- Born: Eleanor Deanne Therese Alberga 30 September 1949 (age 76) Kingston, Jamaica
- Education: Jamaica School of Music Royal Academy of Music
- Occupation: Music composer
- Spouse: Thomas Bowes ​(m. 1992)​

= Eleanor Alberga =

Jamaican contemporary music composer

Eleanor Deanne Therese Alberga (born 30 September 1949) is a Jamaican contemporary music composer who lives and works in the United Kingdom.

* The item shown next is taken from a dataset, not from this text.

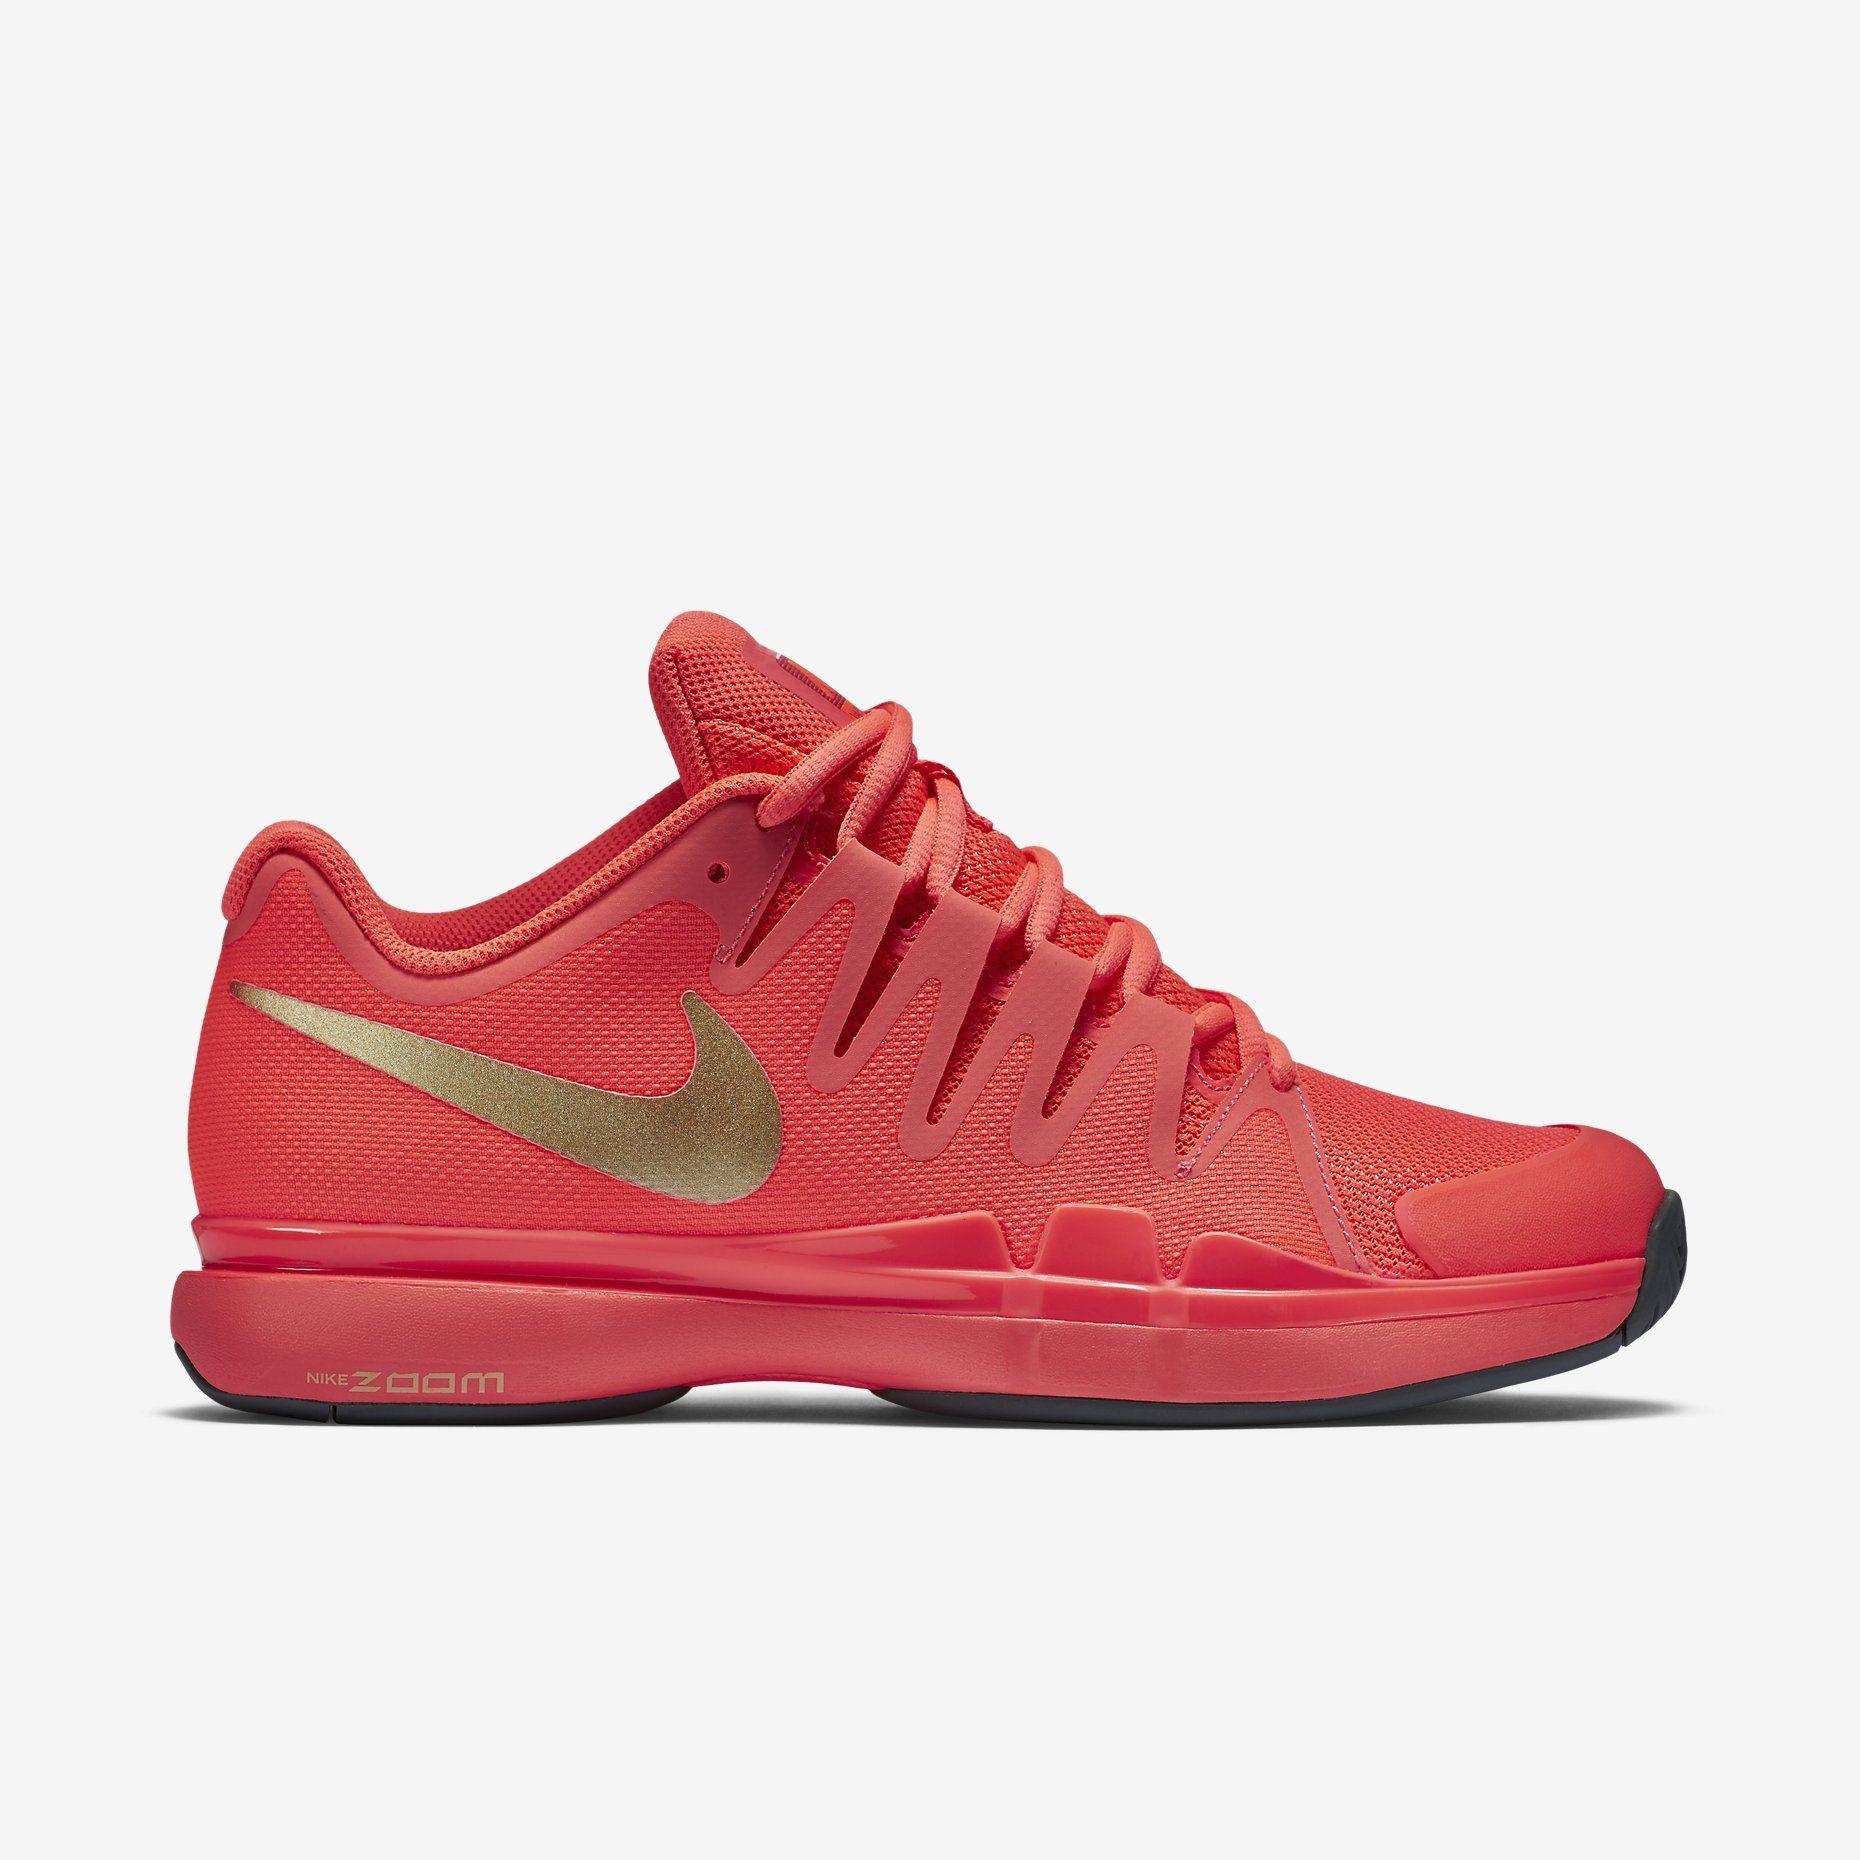 Nike Zoom Vapor 9.5 Tour Women' Tennis Shoe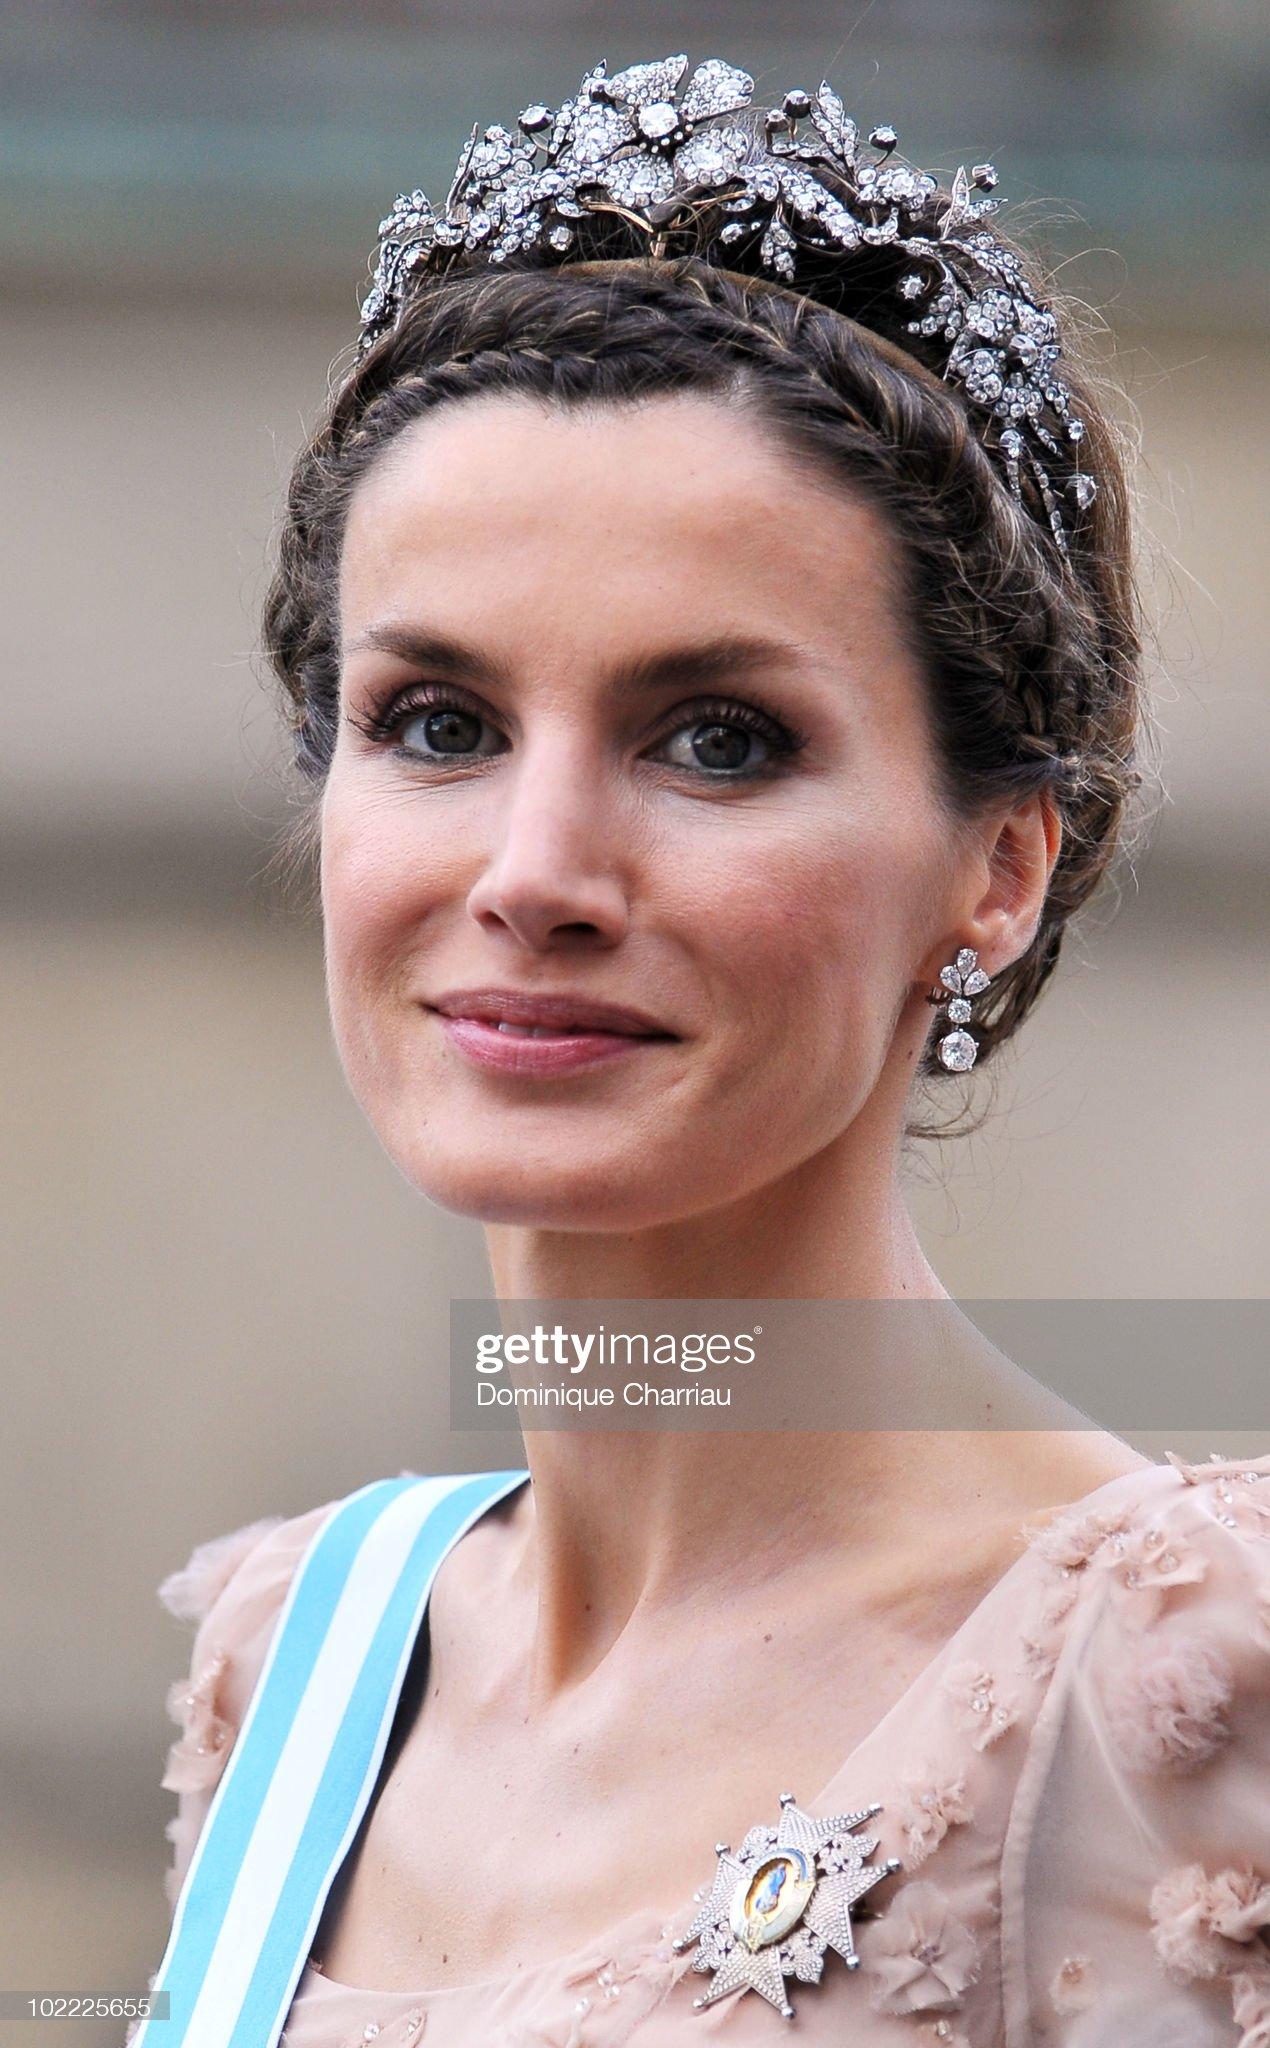 Вечерние наряды Королевы Летиции Crown Princess Victoria & Daniel Westling: Cortege : News Photo

Her most recent compositions include two violin concertos, a trumpet concerto and a symphony.

==Career==
Eleanor Alberga was born in Kingston, Jamaica. She decided at the age of five to be a concert pianist and began composing short pieces. While still at school, she played the guitar with The Jamaican Folk Singers. She studied music at Jamaica School of Music and in 1970 she won the biennial West Indian Associated Board Scholarship, which allowed her to study at the Royal Academy of Music in London, England, where one of her teachers was Richard Stoker. After completing her studies, she performed as a concert pianist. In 2001 she ended her career as a performer to concentrate full-time on composition and was awarded a NESTA Fellowship.

Alberga works as a guest lecturer at the Royal Academy of Music in London. She has been pianist and music director for the London Contemporary Dance Theatre and played with Nanquindo (four players on two pianos). Her music has been performed by the Royal Philharmonic, the London Philharmonic, Bournemouth Sinfonietta, London Mozart Players and The Women's Philharmonic of San Francisco, and in countries including Australia, South America, Canada, Europe and China.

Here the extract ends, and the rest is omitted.